All pictures are to be omitted while the lines starting at the line with "Wanted Alien Socks" and ending at the line with "Dies ist ein" in the material below are retyped exactly, both ends included.

The input:
- - - -

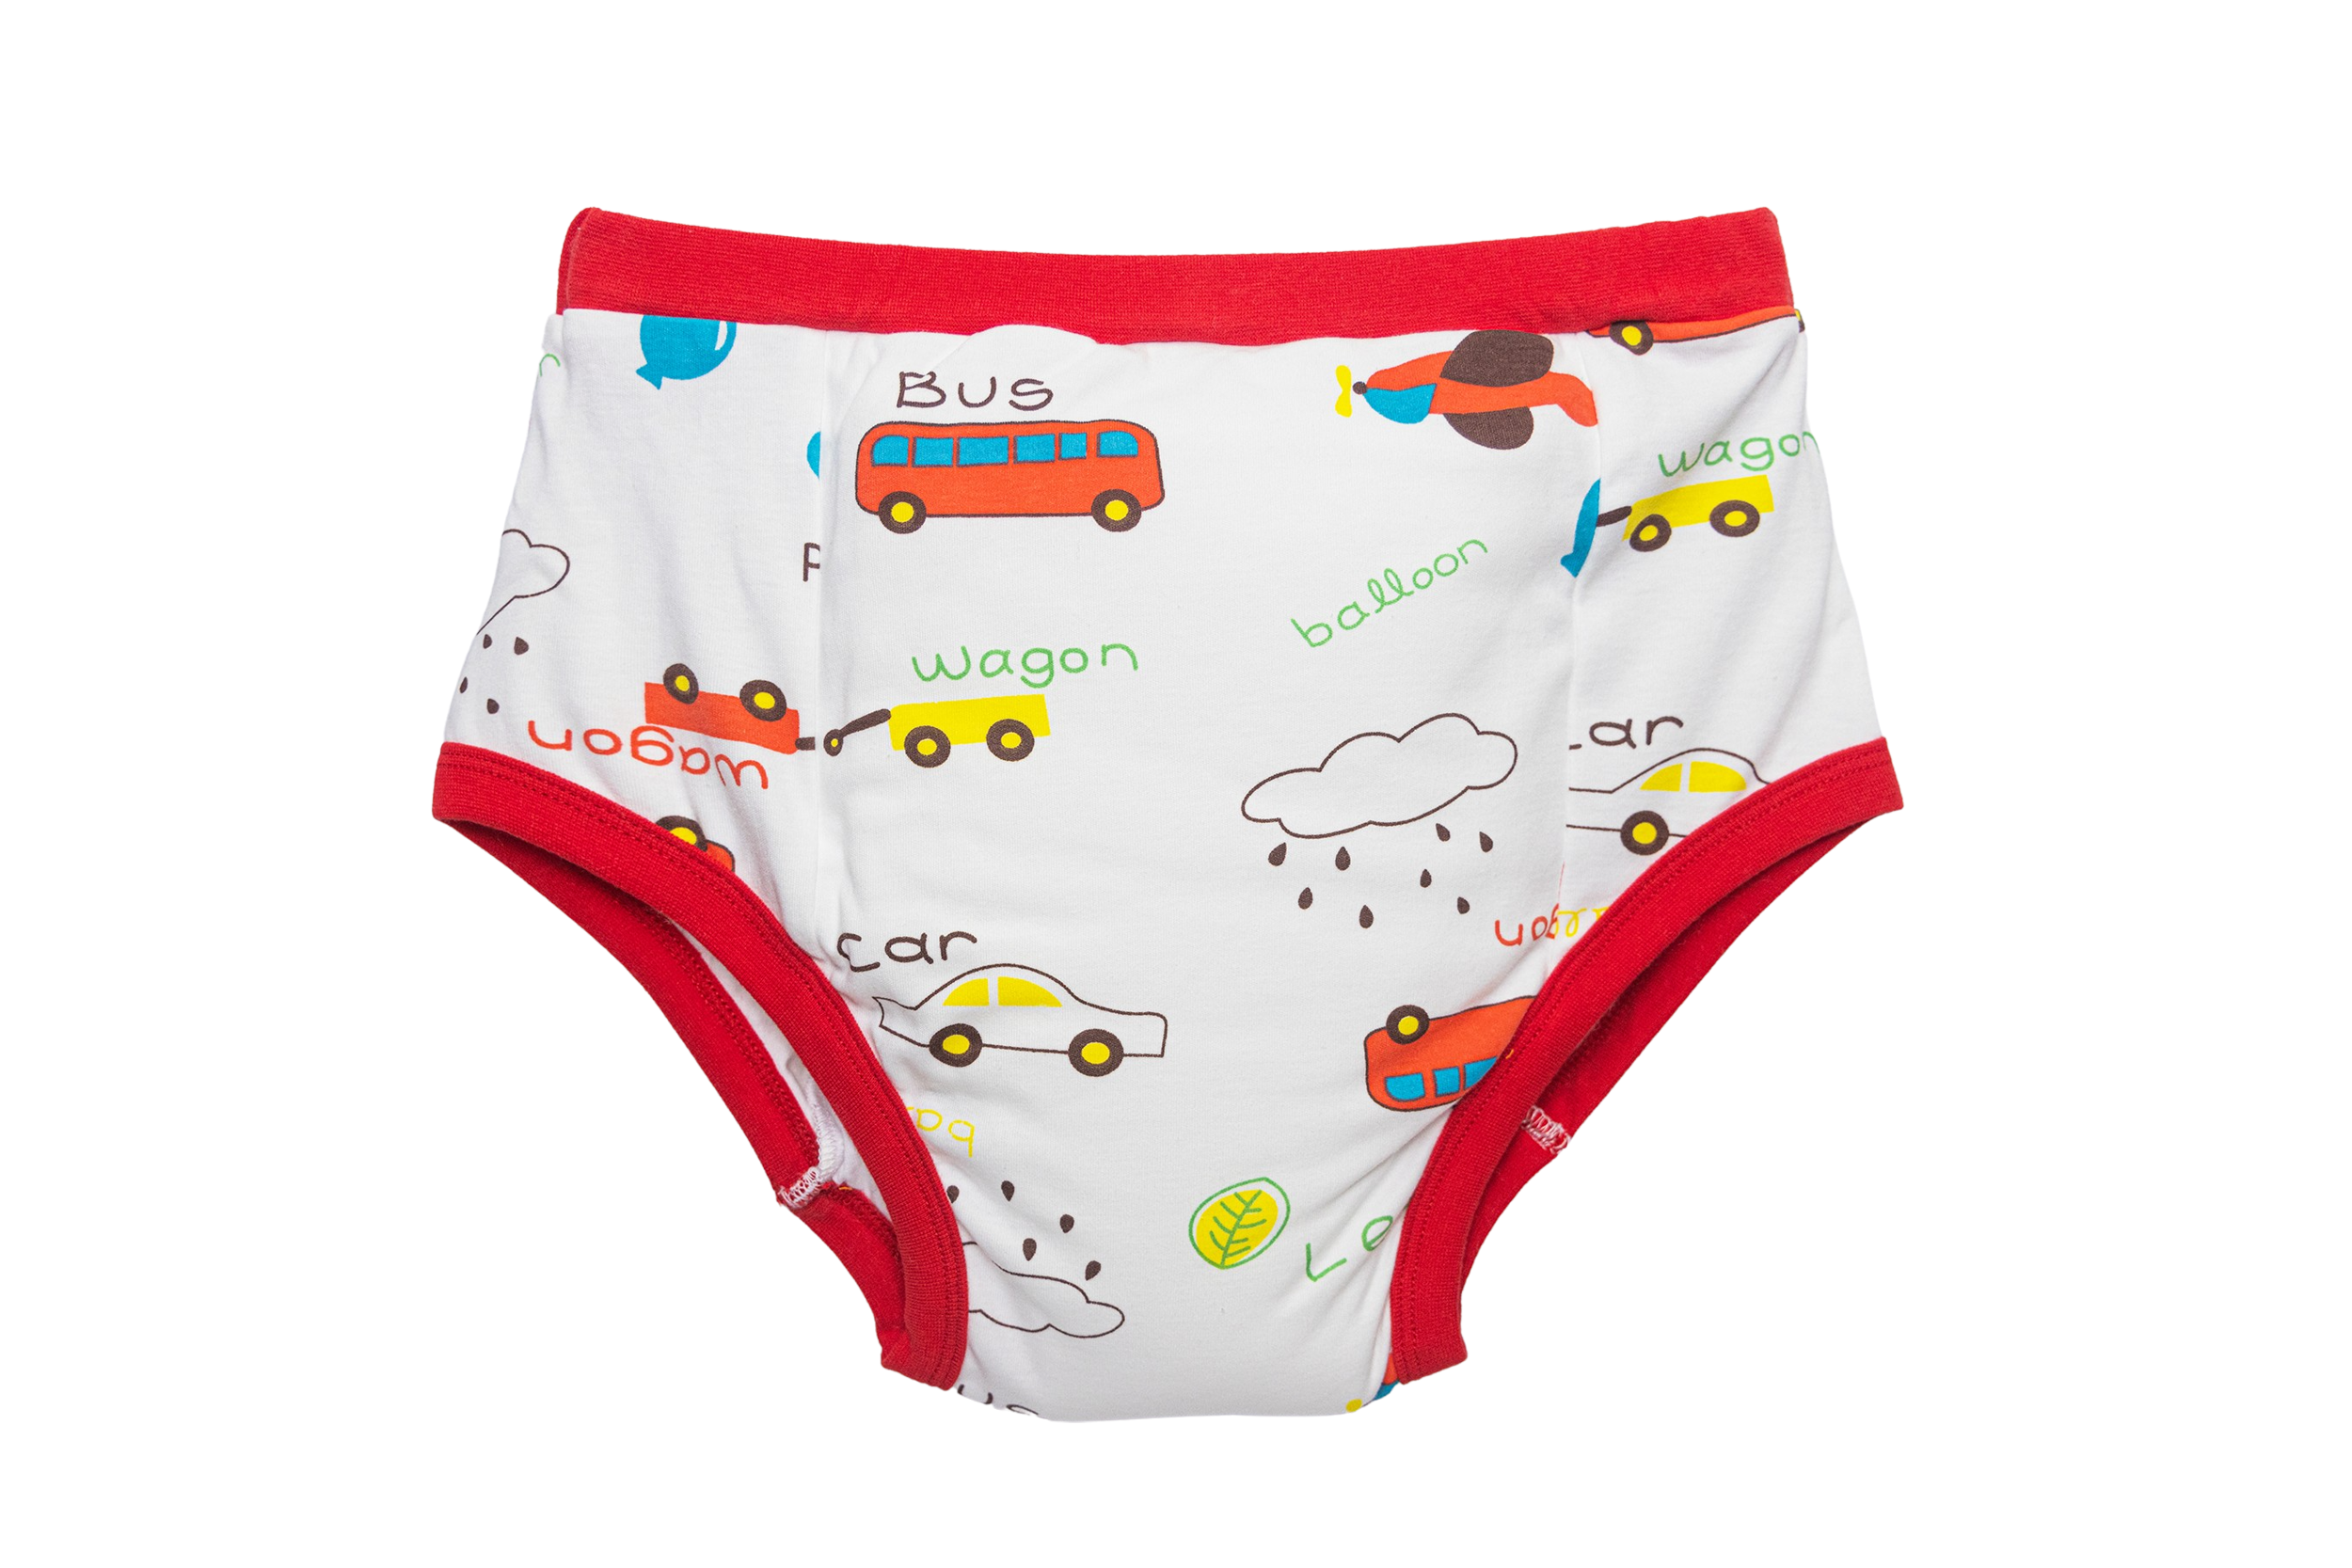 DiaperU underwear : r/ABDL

- - - -

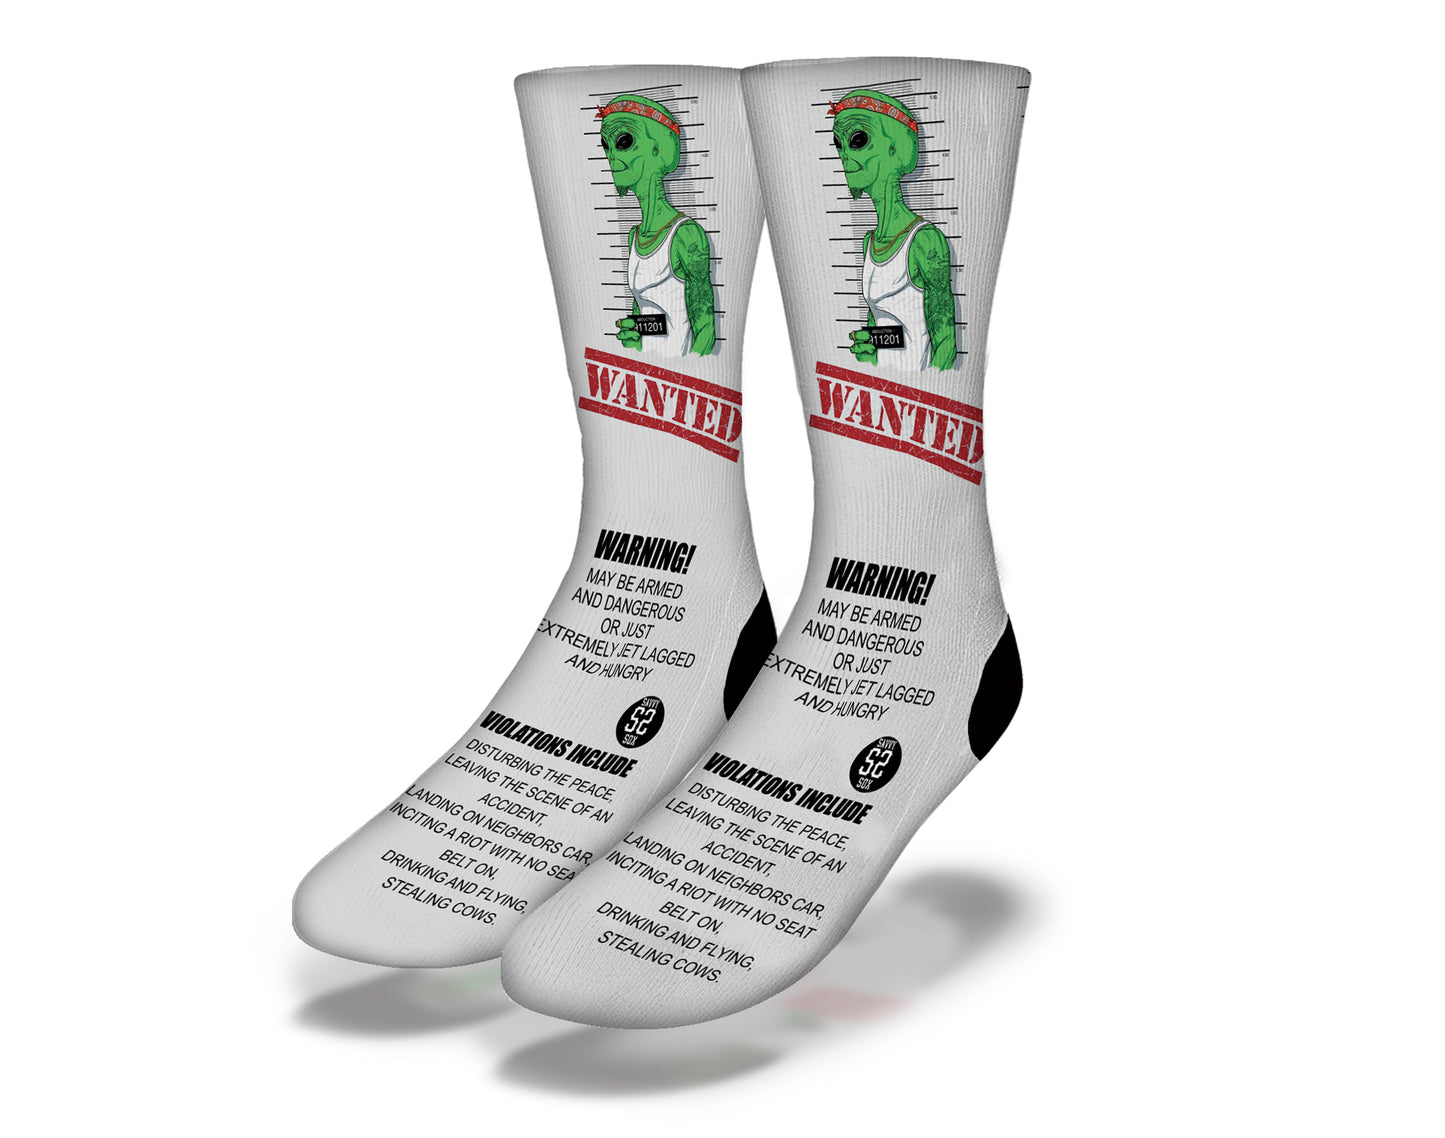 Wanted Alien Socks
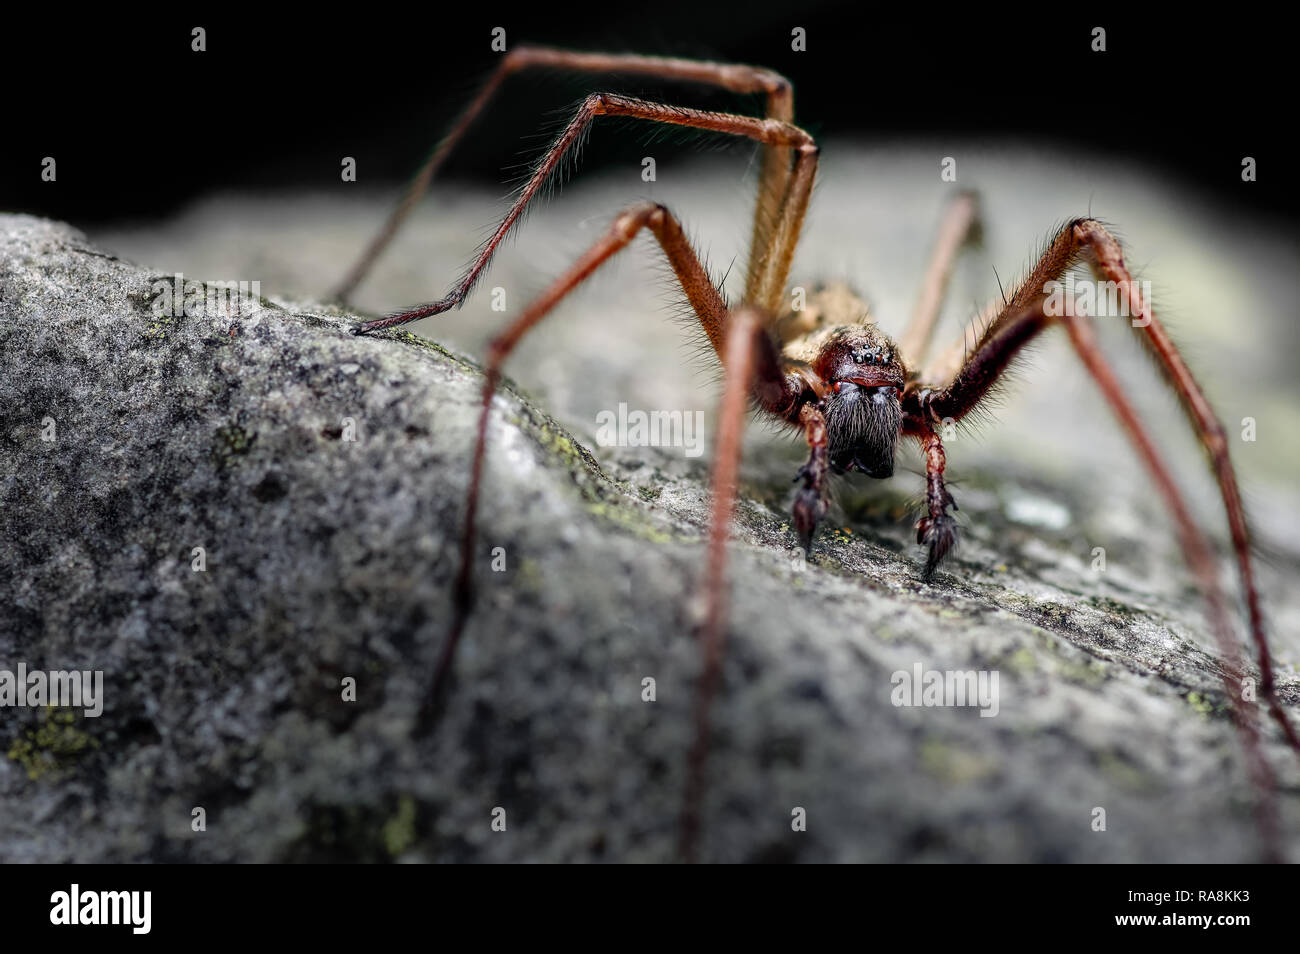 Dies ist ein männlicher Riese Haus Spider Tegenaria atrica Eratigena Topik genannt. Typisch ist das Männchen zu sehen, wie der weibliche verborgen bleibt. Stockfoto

- - - -

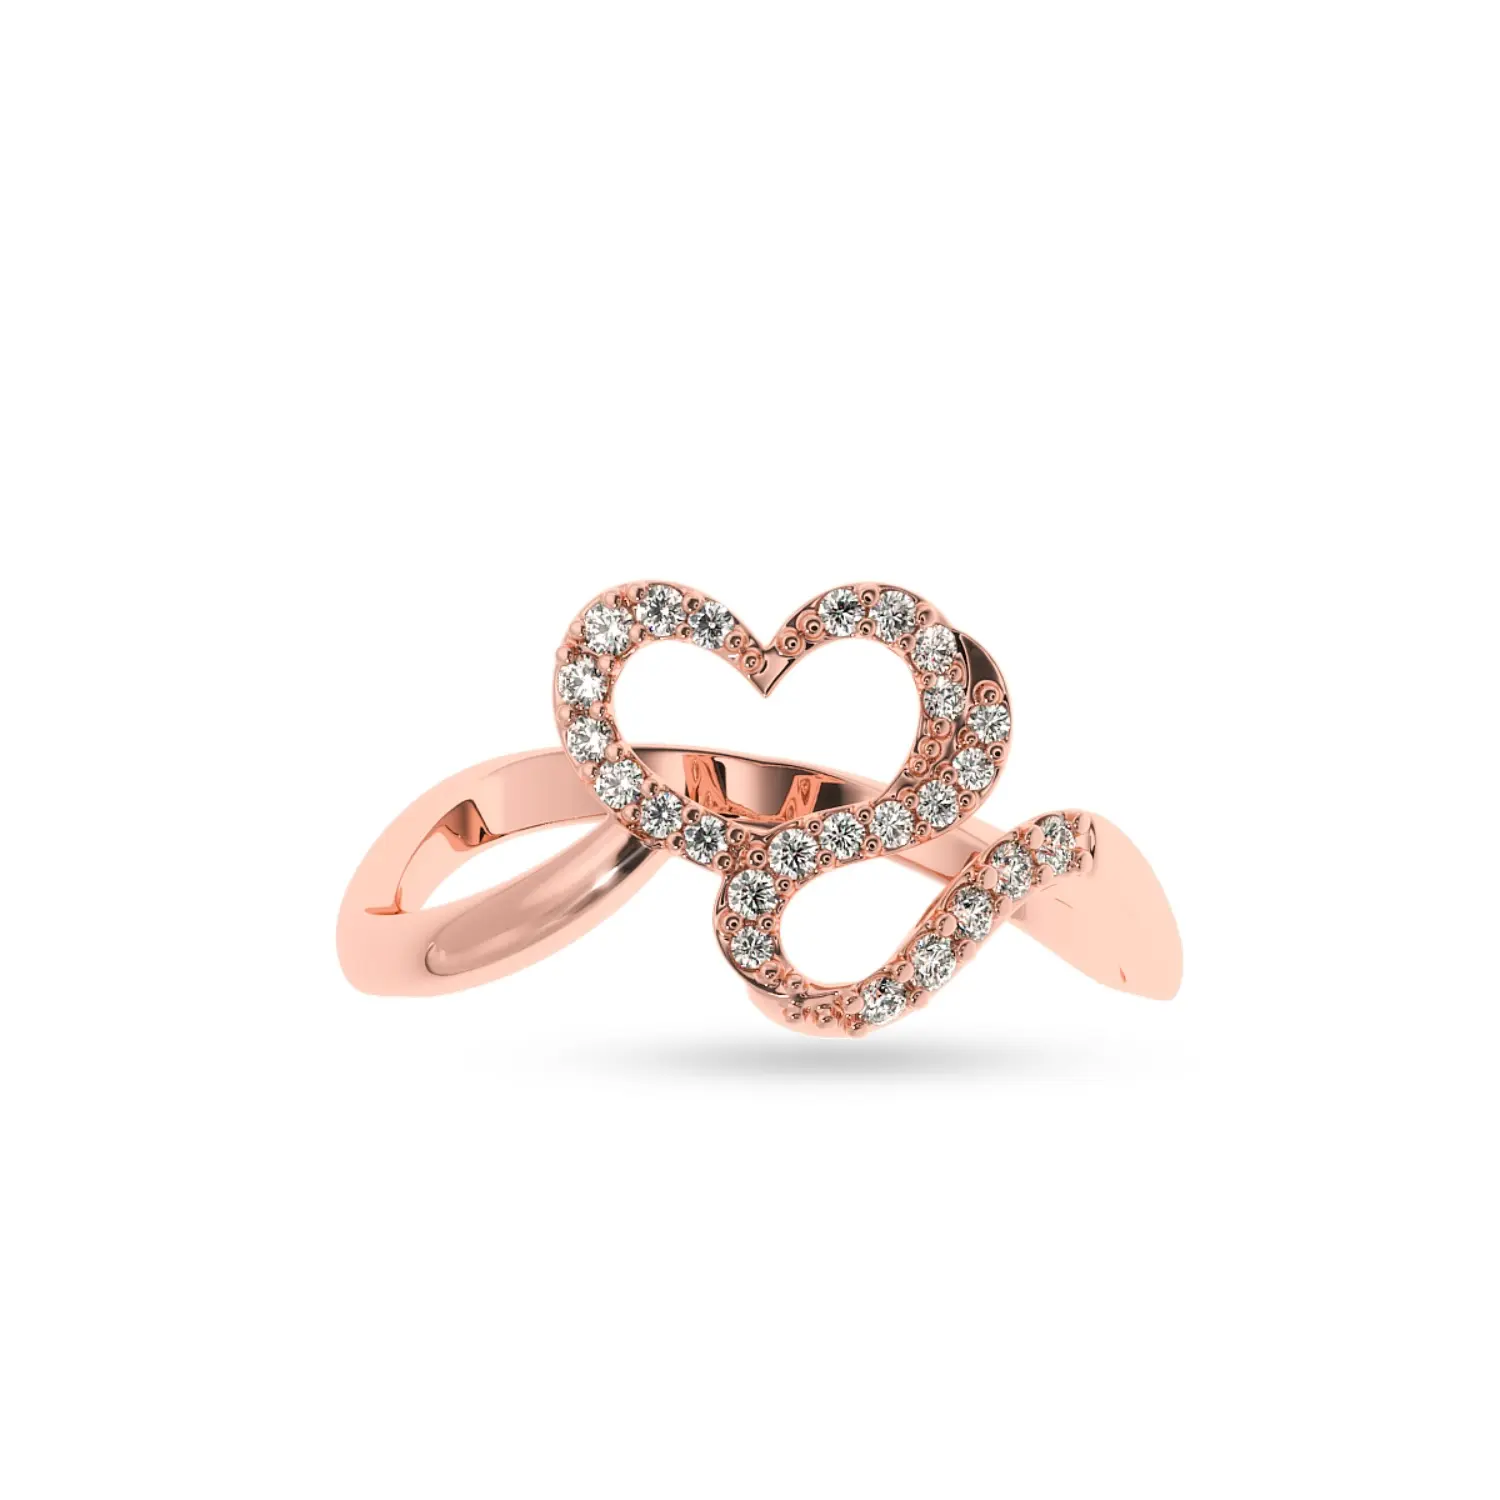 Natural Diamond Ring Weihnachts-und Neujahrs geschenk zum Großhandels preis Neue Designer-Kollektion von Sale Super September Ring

- - - -

Task answer:
 Wanted Alien Socks
 Dies ist ein männlicher Riese Haus Spider Tegenaria atrica Eratigena Topik genannt. Typisch ist das Männchen zu sehen, wie der weibliche verborgen bleibt. Stockfoto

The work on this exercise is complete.